Yeah, doesn't the kids mom realize by sending the kid in a kkk outfit she simply highlights the history of the democrats...


----------



## Steve (Nov 5, 2013)

billc said:


> Yeah, doesn't the kids mom realize by sending the kid in a kkk outfit she simply highlights the history of the democrats...


Ha.  I'm just guessing, but I'm pretty sure that the mom isn't a democrat.  Maybe, but not likely.


----------



## ballen0351 (Nov 5, 2013)

Steve said:


> Outraged by stupid ****?  I don't know, crushing.  If a kid showed up at my daughter's elementary school wearing a KKK outfit, or a slutty tree outfit, or a hitler outfit or something along those lines, I'd have a problem with it.  Outrage is a strong word, but I think it could fit, because I do find a KKK costume on a 7 year old to be outrageous.   Why is that stupid to you?
> 
> Here's another question.  Is there an outfit that would be out of bounds, in your opinion?  What would cause an appropriate level of outrage?  If a 7 year old dressed up as Osama Bin Laden?  What about a prostitute?  I ask, because I'm trying to figure out first, if there's a line in your opinion.  And if so, where is that line?  Can you give an example of any costume you would deem outrageous for a 7 year old?


I'm a little surprised that you didn't know racism exists all over the place.  You think this is the first 7 year old dressed like a Klansman.


----------



## Dinkydoo (Nov 5, 2013)

I understand why there would be outrage but I find it a strange peculiarity of our society that dressing up as something like Jack The Ripper for Halloween might be deemed by most as acceptable, but going as a modern day 'monster' like Hitler would be an atrocity.


----------



## Steve (Nov 5, 2013)

ballen0351 said:


> I'm a little surprised that you didn't know racism exists all over the place.  You think this is the first 7 year old dressed like a Klansman.


I'm glad I can still surprise you, ballen.   Are you interested at all in answering the questions I posed in the thread you quoted?


----------



## Steve (Nov 5, 2013)

Dinkydoo said:


> I understand why there would be outrage but I find it a strange peculiarity of our society that dressing up as something like Jack The Ripper for Halloween might be deemed by most as acceptable, but going as a modern day 'monster' like Hitler would be an atrocity.


For what it's worth, I think that the salient elements here are that it's a 7 year old child who, I believe, wore the costume to a public school.


----------



## ballen0351 (Nov 5, 2013)

Steve said:


> I'm glad I can still surprise you, ballen.   Are you interested at all in answering the questions I posed in the thread you quoted?


About costumes?  There is nothing I have seen costume wise that "shocks" me.  There are def no costumes I'd find so shocking I'd go to the news about.


----------



## Steve (Nov 5, 2013)

ballen0351 said:


> About costumes?  There is nothing I have seen costume wise that "shocks" me.  There are def no costumes I'd find so shocking I'd go to the news about.


Okay.  Fair enough.  You're okay with 7 year olds wearing KKK costumes at school.  Simple enough, but for what it's worth, I don't like it.


----------



## Dinkydoo (Nov 5, 2013)

Steve said:


> For what it's worth, I think that the salient elements here are that it's a 7 year old child who, I believe, wore the costume to a public school.



It's just not appropriate, I get that. 

There might be an interesting wider discussion to be had though.

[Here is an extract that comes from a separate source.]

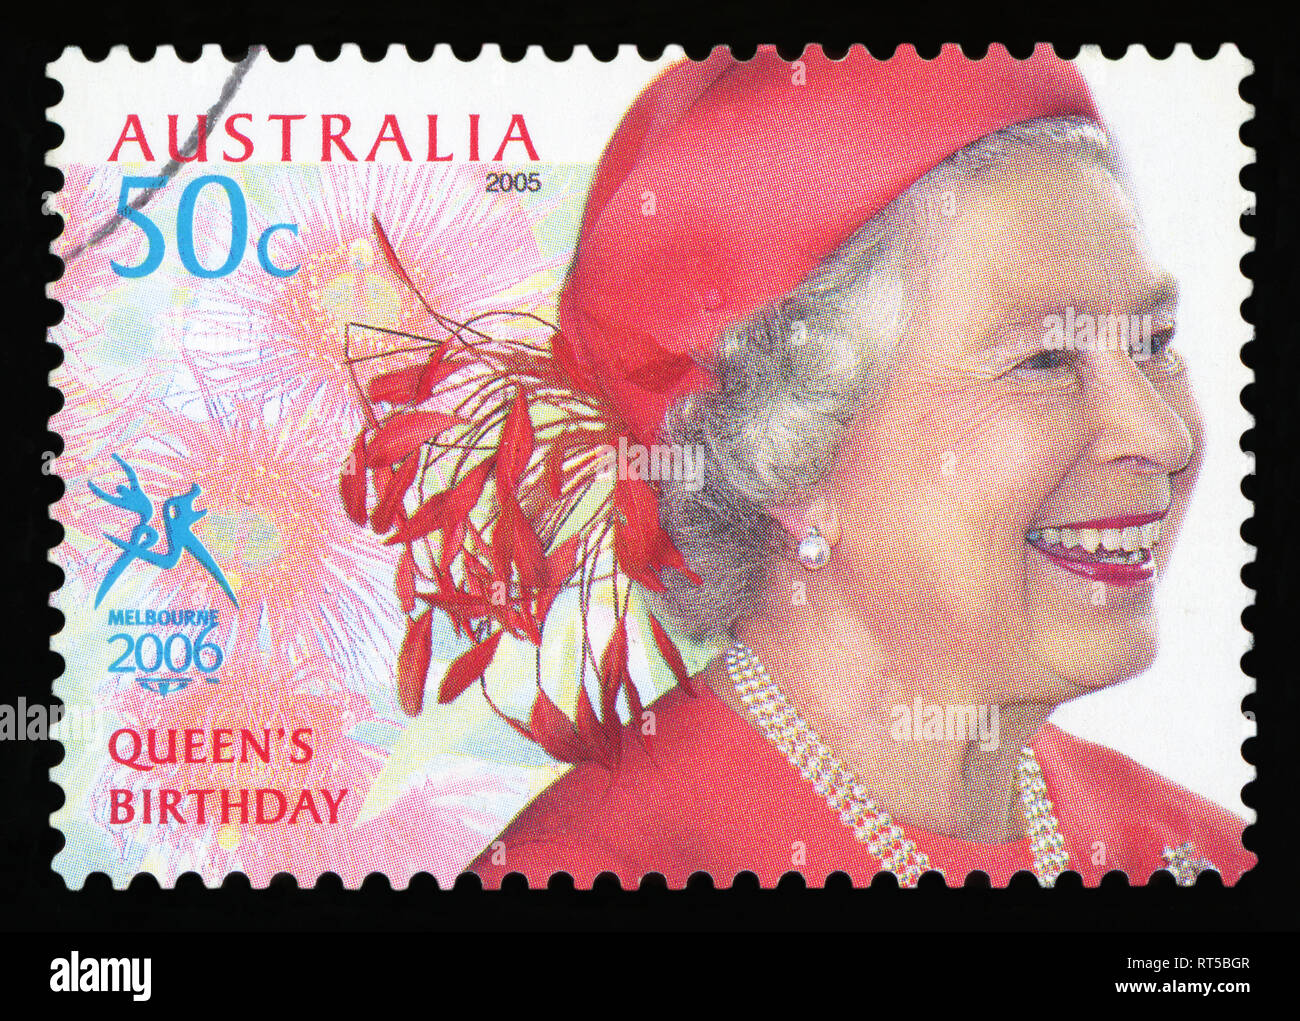 L'AUSTRALIE - circa 2005 : timbres en Australie, montre la reine Elizabeth II (Royaume-Uni, France, Angleterre), vers 2005 Banque D'Images

For example: An adult going fancy dressed as Hitler or a KKK member to a party might not as distasteful, depending on the motives; both can be representative of "monstrous" human beings.


----------



## ballen0351 (Nov 5, 2013)

Steve said:


> Okay.  Fair enough.  You're okay with 7 year olds wearing KKK costumes at school.  Simple enough, but for what it's worth, I don't like it.



How is it different then a kid with his guts hanging out and bullet holes in his face?  

For what its worth I'm not "OK" with it but I'm also not shocked by it I guess I'm just indifferent.  To me its like who cares bad parents.  I call that kid job security when he grows up


----------



## crushing (Nov 5, 2013)

Steve said:


> Outraged by stupid ****?  I don't know, crushing.  If a kid showed up at my daughter's elementary school wearing a KKK outfit, or a slutty tree outfit, or a hitler outfit or something along those lines, I'd have a problem with it.  Outrage is a strong word, but I think it could fit, because I do find a KKK costume on a 7 year old to be outrageous.   Why is that stupid to you?
> 
> Here's another question.  Is there an outfit that would be out of bounds, in your opinion?  What would cause an appropriate level of outrage?  If a 7 year old dressed up as Osama Bin Laden?  What about a prostitute?  I ask, because I'm trying to figure out first, if there's a line in your opinion.  And if so, where is that line?  Can you give an example of any costume you would deem outrageous for a 7 year old?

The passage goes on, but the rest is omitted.